Monday, September 3, 2012

WCLV Marathon for the Cleveland Orchestra


Spring, 1970 - Cleveland's classic music station, WCLV 95 FM conducted its first on-air marathon to raise money for the Cleveland Orchestra. The goal was $10,000 which they raised handily within 24 hours.

The goal for their eighth marathon (1977) was $125,000.  That seems so modest by today's standards, when the Cleveland Orchestra's 2012 operating budget is $42M. But as today, the recession hit performing arts organizations very hard, and public fund-raisers like this not only raise necessary funds, but "demonstrates the wide support of the orchestra by thousands of people who may never set foot in Severance Hall," said (then) WCLV vice president and program manager Robert Conrad.

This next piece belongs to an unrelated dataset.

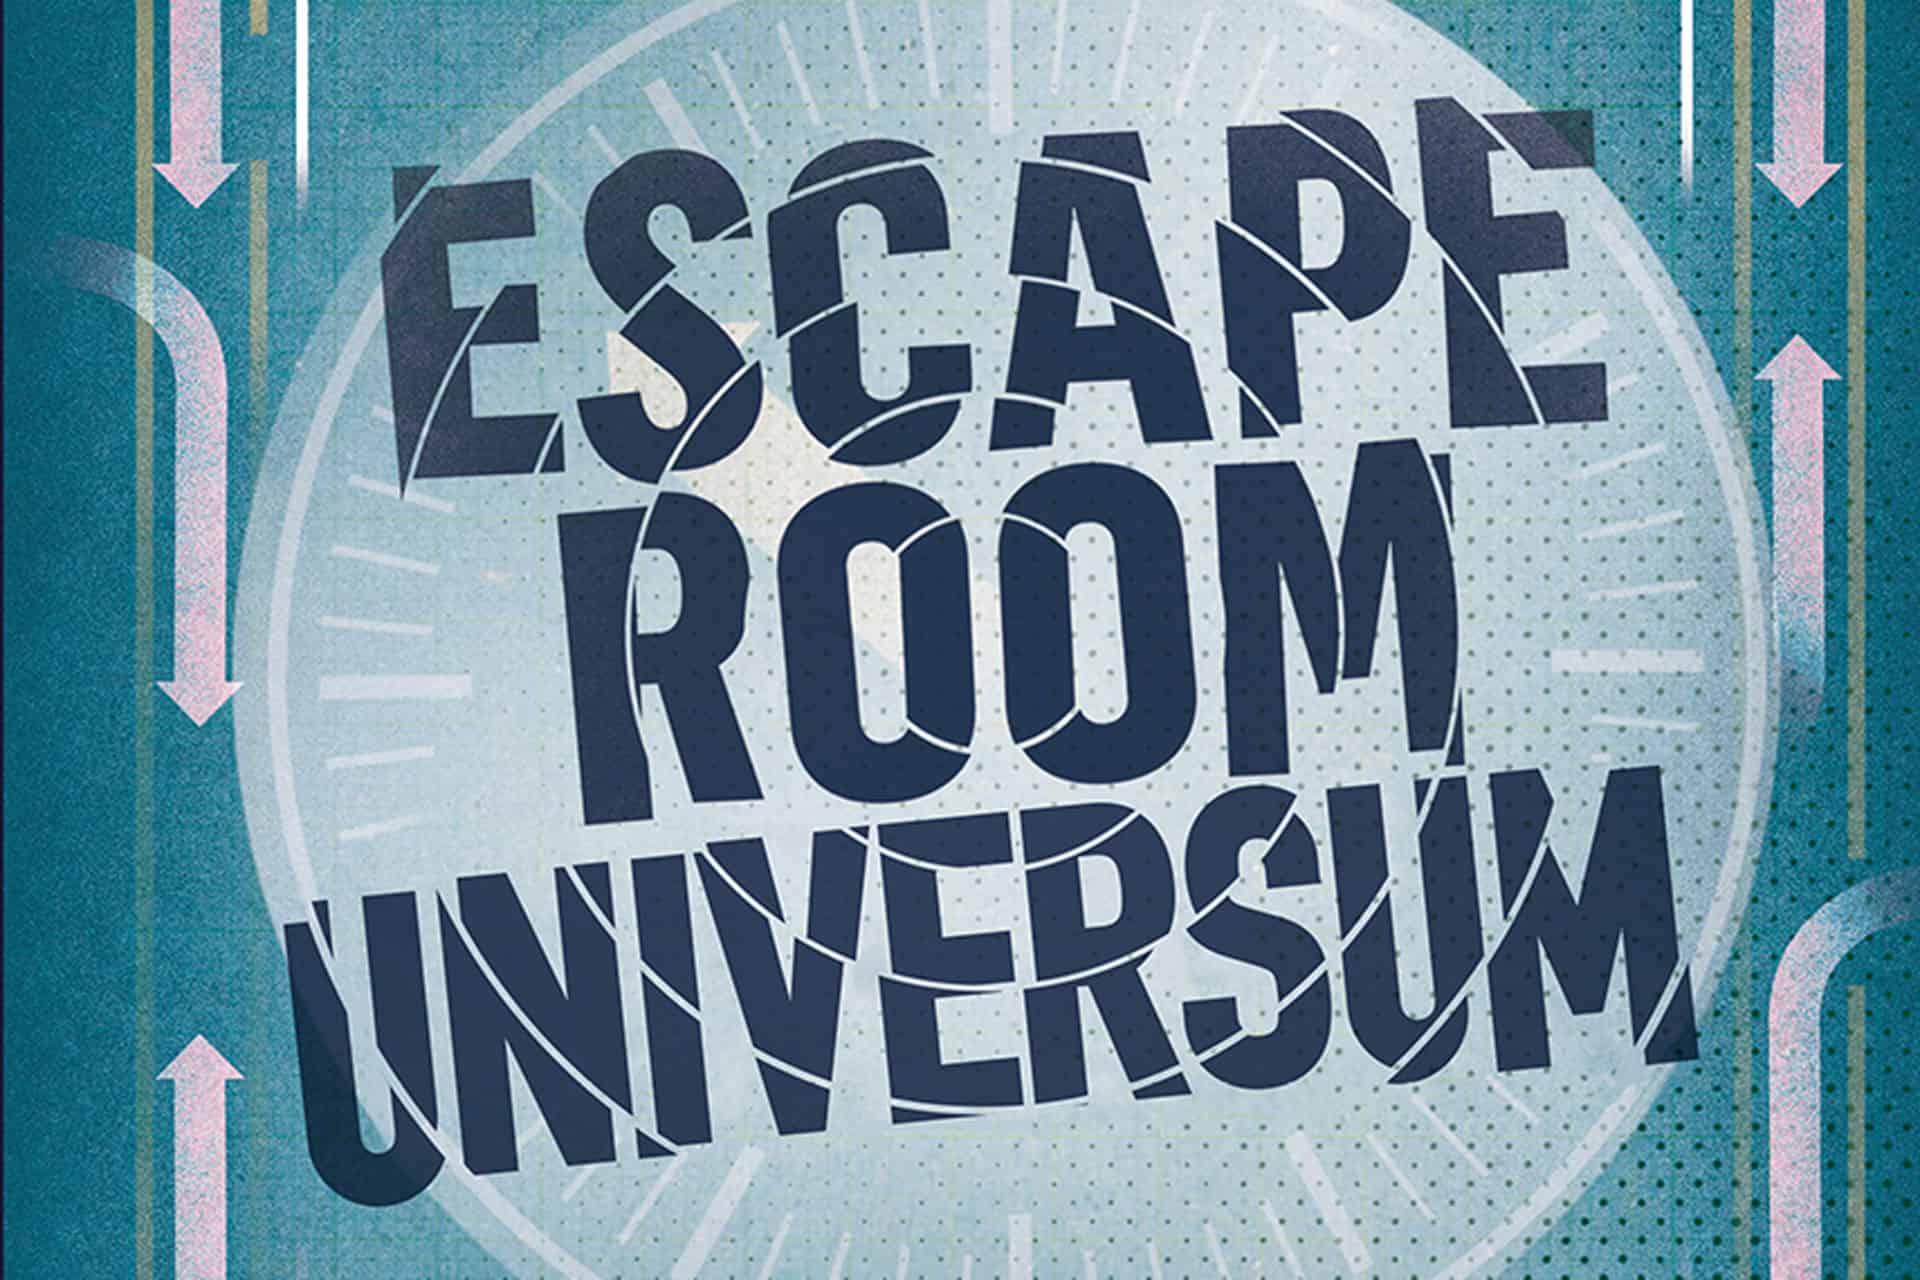 Das Cover von Escape Room Universe. Foto: Ullmann Medien

Hitting the east side and west side, the 24-a-day weekend of events (April 22-24) were broadcast live from Severance Center and Parma Town. Conrad and Tony Bianchi interviewed a host of regional celebrities, including orchestra Director Lorin Maazel, Great Lakes Shakespeare Festival Artistic Director Vincent Dowling, Fred Griffith and Joel Rose from Channel 5's Morning Exchange, among many others, including the legendary Mitch Miller.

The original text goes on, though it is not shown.